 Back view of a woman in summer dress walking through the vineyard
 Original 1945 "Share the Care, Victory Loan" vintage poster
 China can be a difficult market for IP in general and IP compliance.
▬▬▬▬▬▬
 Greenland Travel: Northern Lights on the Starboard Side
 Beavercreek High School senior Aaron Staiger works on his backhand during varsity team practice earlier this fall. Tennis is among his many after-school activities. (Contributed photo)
▬▬▬▬▬▬
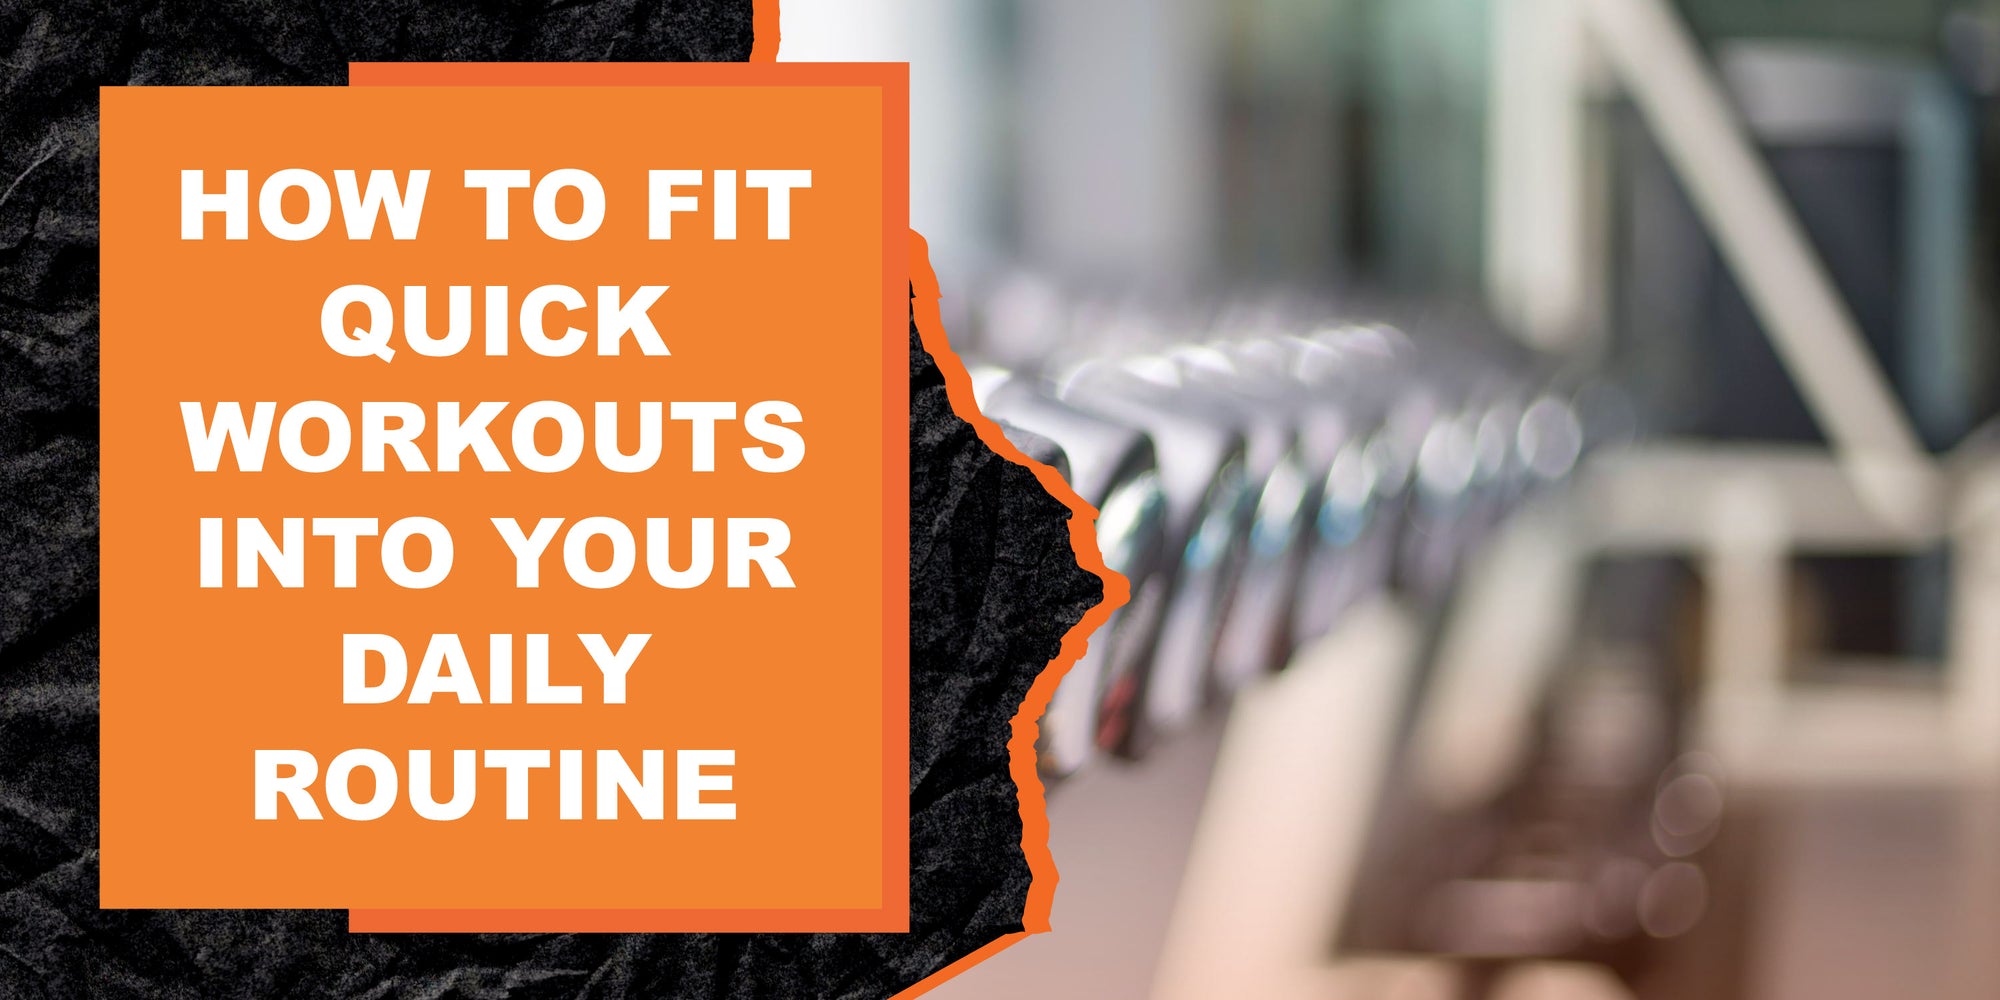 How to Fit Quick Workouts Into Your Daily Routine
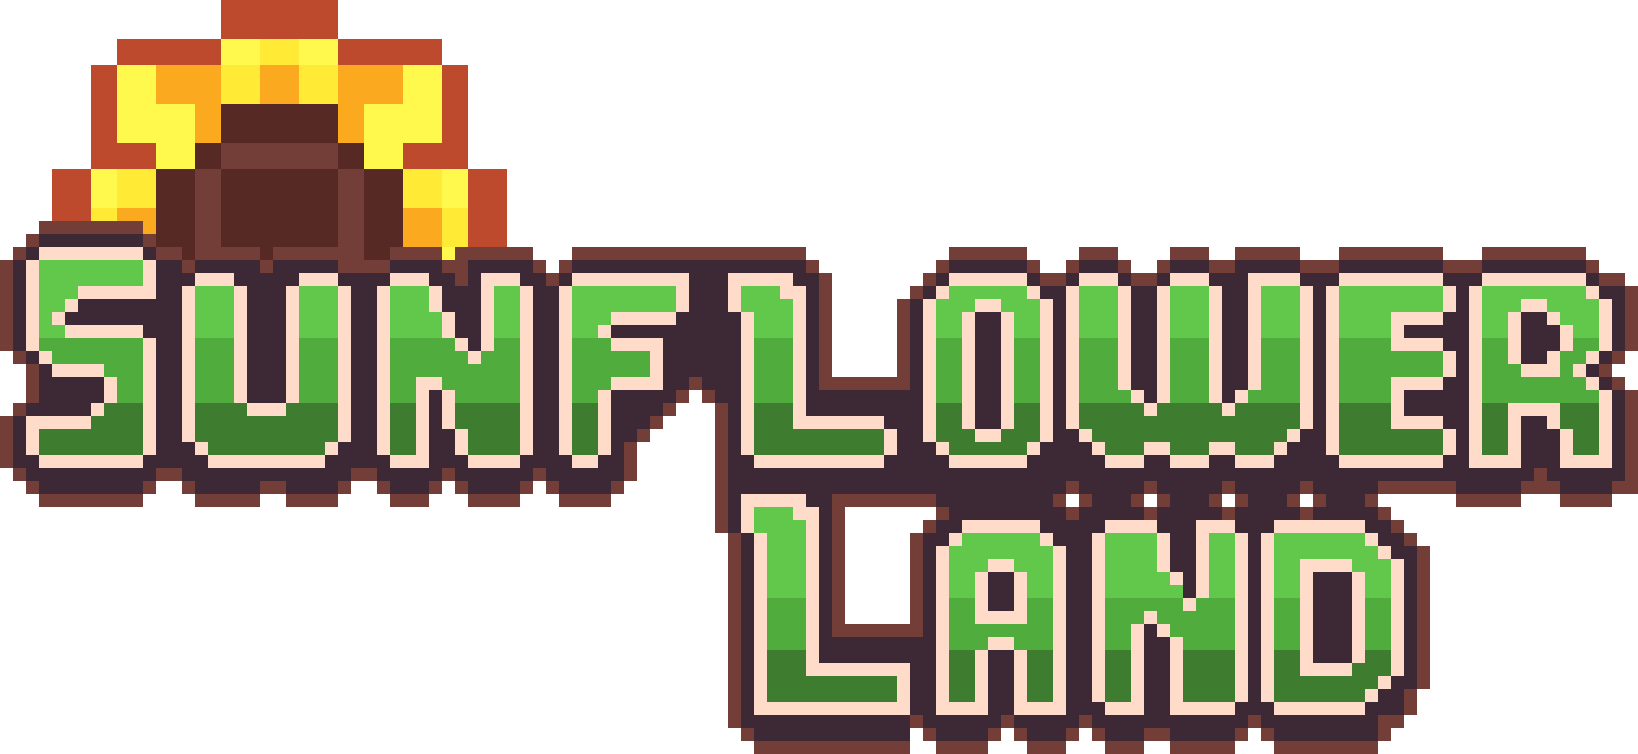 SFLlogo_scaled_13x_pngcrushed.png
▬▬▬▬▬▬
#### Exercise
From the records above, transcribe exactly the run of lines that opens with the line holding "Back view of" and closes with the line holding "China can be", both included.

#### Task response
 Back view of a woman in summer dress walking through the vineyard
 Original 1945 "Share the Care, Victory Loan" vintage poster
 China can be a difficult market for IP in general and IP compliance.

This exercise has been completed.